> _Task instructions_
From the first line to the last, reproduce the data exactly.

> _Provided records_

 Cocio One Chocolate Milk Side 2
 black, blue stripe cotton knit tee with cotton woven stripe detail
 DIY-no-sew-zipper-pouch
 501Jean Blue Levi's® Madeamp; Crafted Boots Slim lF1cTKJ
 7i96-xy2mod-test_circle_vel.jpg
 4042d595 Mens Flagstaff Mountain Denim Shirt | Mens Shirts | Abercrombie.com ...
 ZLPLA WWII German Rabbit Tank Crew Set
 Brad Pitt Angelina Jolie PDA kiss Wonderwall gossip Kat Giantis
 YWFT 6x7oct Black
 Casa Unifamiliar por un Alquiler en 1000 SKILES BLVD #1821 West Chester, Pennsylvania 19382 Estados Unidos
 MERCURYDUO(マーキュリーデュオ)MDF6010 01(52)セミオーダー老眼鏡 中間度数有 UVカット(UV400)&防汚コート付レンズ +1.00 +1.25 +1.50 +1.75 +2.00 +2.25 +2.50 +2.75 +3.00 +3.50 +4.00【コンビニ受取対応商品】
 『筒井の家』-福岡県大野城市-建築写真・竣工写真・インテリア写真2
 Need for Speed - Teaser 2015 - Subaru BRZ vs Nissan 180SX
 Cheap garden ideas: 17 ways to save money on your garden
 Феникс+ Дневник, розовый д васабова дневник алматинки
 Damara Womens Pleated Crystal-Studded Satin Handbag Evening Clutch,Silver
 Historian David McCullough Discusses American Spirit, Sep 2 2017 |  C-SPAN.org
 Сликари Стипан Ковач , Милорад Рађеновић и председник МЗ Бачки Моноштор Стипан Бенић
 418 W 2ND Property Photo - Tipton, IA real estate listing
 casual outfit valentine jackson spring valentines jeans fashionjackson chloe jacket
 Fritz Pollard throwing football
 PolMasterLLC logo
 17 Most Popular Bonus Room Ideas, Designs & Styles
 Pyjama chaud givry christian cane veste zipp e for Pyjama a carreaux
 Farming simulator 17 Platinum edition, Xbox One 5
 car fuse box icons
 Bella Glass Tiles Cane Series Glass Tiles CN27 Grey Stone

> _Reply to the exercise_
 Cocio One Chocolate Milk Side 2
 black, blue stripe cotton knit tee with cotton woven stripe detail
 DIY-no-sew-zipper-pouch
 501Jean Blue Levi's® Madeamp; Crafted Boots Slim lF1cTKJ
 7i96-xy2mod-test_circle_vel.jpg
 4042d595 Mens Flagstaff Mountain Denim Shirt | Mens Shirts | Abercrombie.com ...
 ZLPLA WWII German Rabbit Tank Crew Set
 Brad Pitt Angelina Jolie PDA kiss Wonderwall gossip Kat Giantis
 YWFT 6x7oct Black
 Casa Unifamiliar por un Alquiler en 1000 SKILES BLVD #1821 West Chester, Pennsylvania 19382 Estados Unidos
 MERCURYDUO(マーキュリーデュオ)MDF6010 01(52)セミオーダー老眼鏡 中間度数有 UVカット(UV400)&防汚コート付レンズ +1.00 +1.25 +1.50 +1.75 +2.00 +2.25 +2.50 +2.75 +3.00 +3.50 +4.00【コンビニ受取対応商品】
 『筒井の家』-福岡県大野城市-建築写真・竣工写真・インテリア写真2
 Need for Speed - Teaser 2015 - Subaru BRZ vs Nissan 180SX
 Cheap garden ideas: 17 ways to save money on your garden
 Феникс+ Дневник, розовый д васабова дневник алматинки
 Damara Womens Pleated Crystal-Studded Satin Handbag Evening Clutch,Silver
 Historian David McCullough Discusses American Spirit, Sep 2 2017 |  C-SPAN.org
 Сликари Стипан Ковач , Милорад Рађеновић и председник МЗ Бачки Моноштор Стипан Бенић
 418 W 2ND Property Photo - Tipton, IA real estate listing
 casual outfit valentine jackson spring valentines jeans fashionjackson chloe jacket
 Fritz Pollard throwing football
 PolMasterLLC logo
 17 Most Popular Bonus Room Ideas, Designs & Styles
 Pyjama chaud givry christian cane veste zipp e for Pyjama a carreaux
 Farming simulator 17 Platinum edition, Xbox One 5
 car fuse box icons
 Bella Glass Tiles Cane Series Glass Tiles CN27 Grey Stone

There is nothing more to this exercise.